The philosopher Judith Butler goes even further, stating that "there is no gender identity behind the gender; this identity is performativity constituted, by the very expressions taken as its results”. For the philosopher, the woman will always be a process, a becoming. Denying both a gender identity and even the idea of a substantial, sexed being. Butler also questions the very place of feminism that builds and reaffirms a reifying category of woman, "even when construction is constructed for emancipatory purposes." In the very sense that feminism failed to unleash the reiteration of the idea of women. For if the whole feminist struggle was fundamentally to denaturalize the differences between the sexes, it does not make sense on the other hand to reinforce this identity.3

Such social scientists are interested not only in revealing gender performances but also in demystifying the idea of women's intellectual inferiority. A global survey conducted in 2012 by US researcher James Flynn in Europe, the United States, Australia, New Zealand and Argentina found that both sexes improved their IQ test performance over the past 100 years, but women improved at a faster rate.4,5 Confirming the hypothesis that it is more of a cultural and behavioral issue-in the case of women's access to education- than a natural characteristic intrinsic to the sexes. This is the theme that goes some way to Beauvoir’s Second Sex, trying to explain why there are not "great" women in the field of science, art, philosophy and literature throughout history. She asks: The historical fact cannot be considered as defining an eternal truth; it translates only a situation, which manifests itself precisely as historical because it is changing.
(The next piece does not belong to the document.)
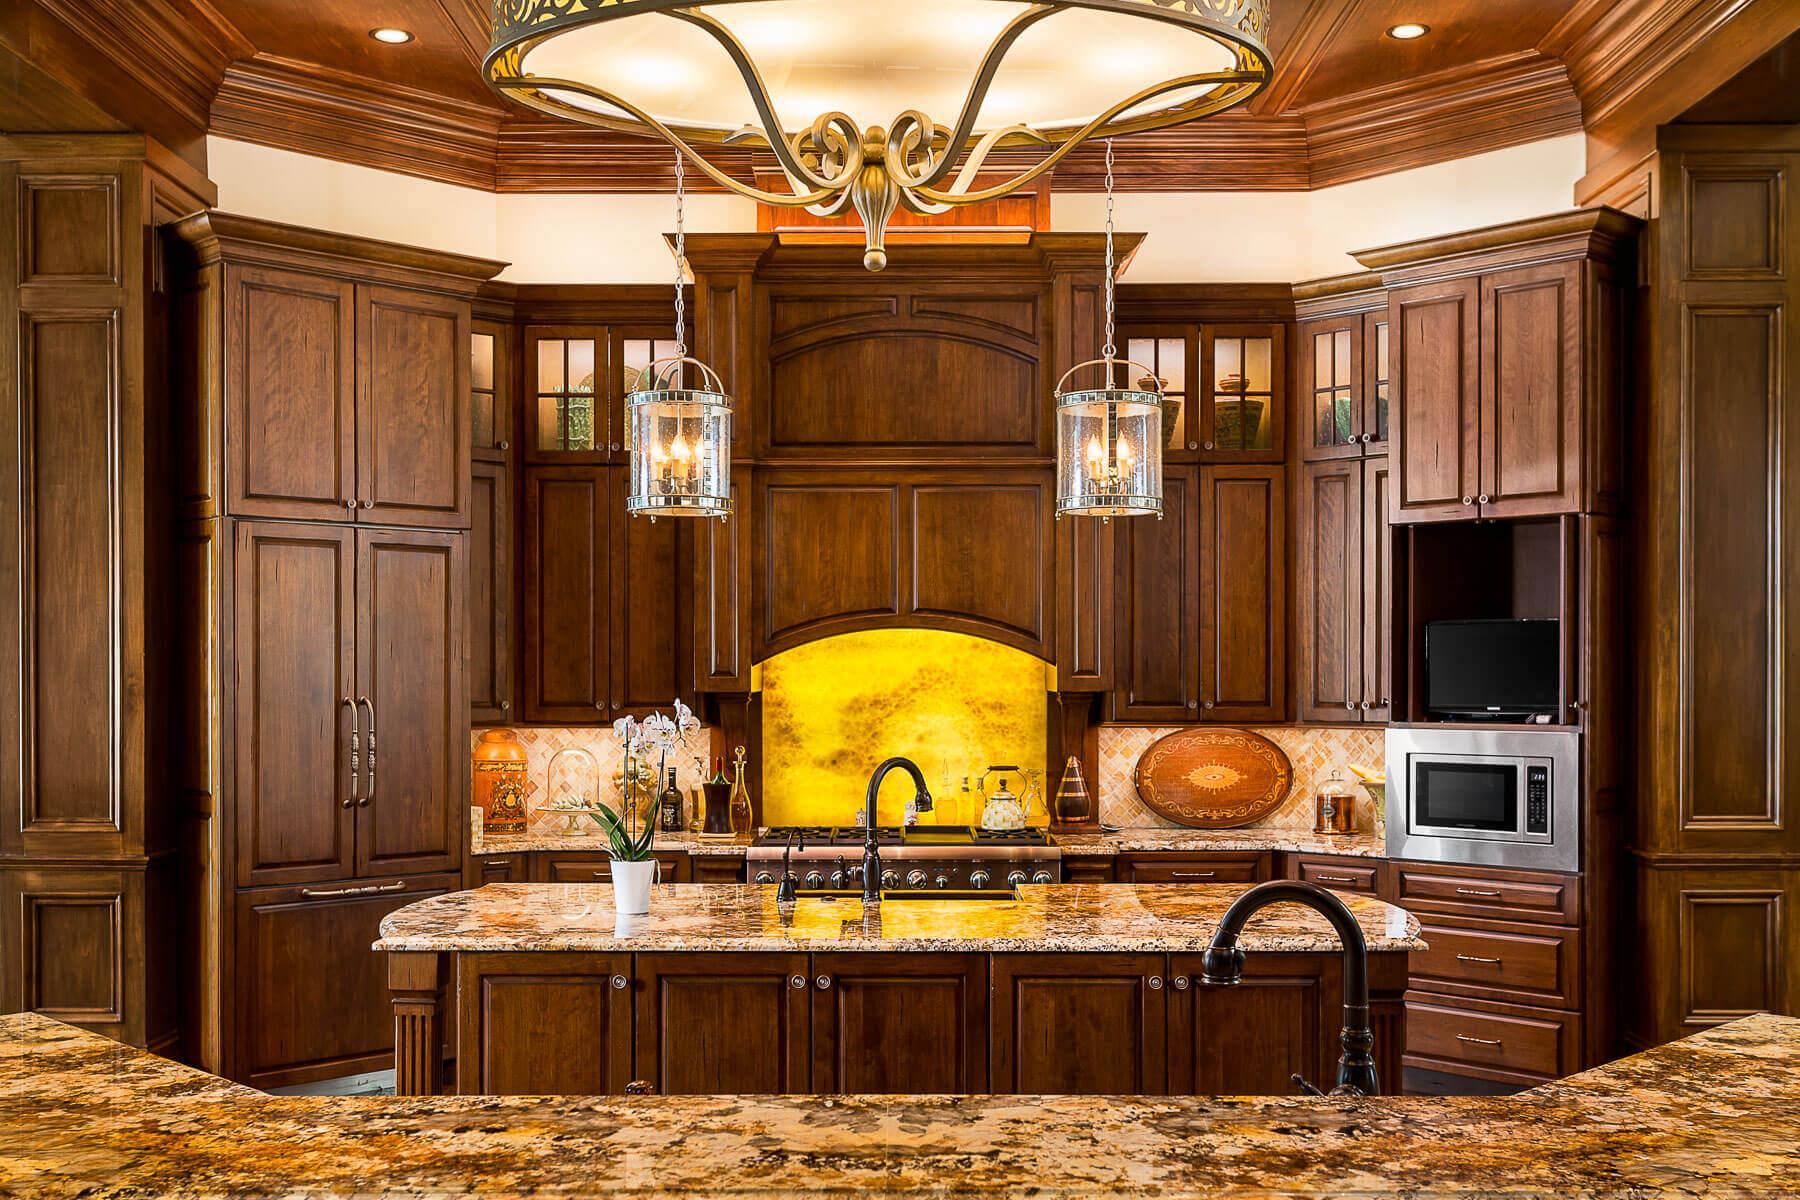 PH_Kitchen-Lighting-Default-Coats-Residence

How could women have never had genius, when all the possibility of performing a masterpiece-or even a work simply-was refused Todorov.6

This change foreseen by Beauvoir Simone7 will be possible "when it is finally possible for every human being to place his pride beyond sexual differentiation, in the difficult glory of his free existence, can the woman-and only then- confuse her problems, her doubts and her hopes with of the humanity". For the author "while she has yet to strive to become a human being, she cannot be a creator”. In this sense, 'post-gender' (or the crisis of gender studies) is equally productive in the debate in question, to the extent as it proves that to delegitimize classifications and social stereotypes it is necessary to enlarge the frame and not return covertly to the same place inside out. More than feeding an endless war without winners, the important thing is to compose a new place of identification outside this binary system in favor of an enlarged frame that unites and pacifies, without homogenizing. Humanity consists of individuals: the individumano.

Acknowledgements

None.

Conflict of interest

The author declares that there are no conflicts of interest.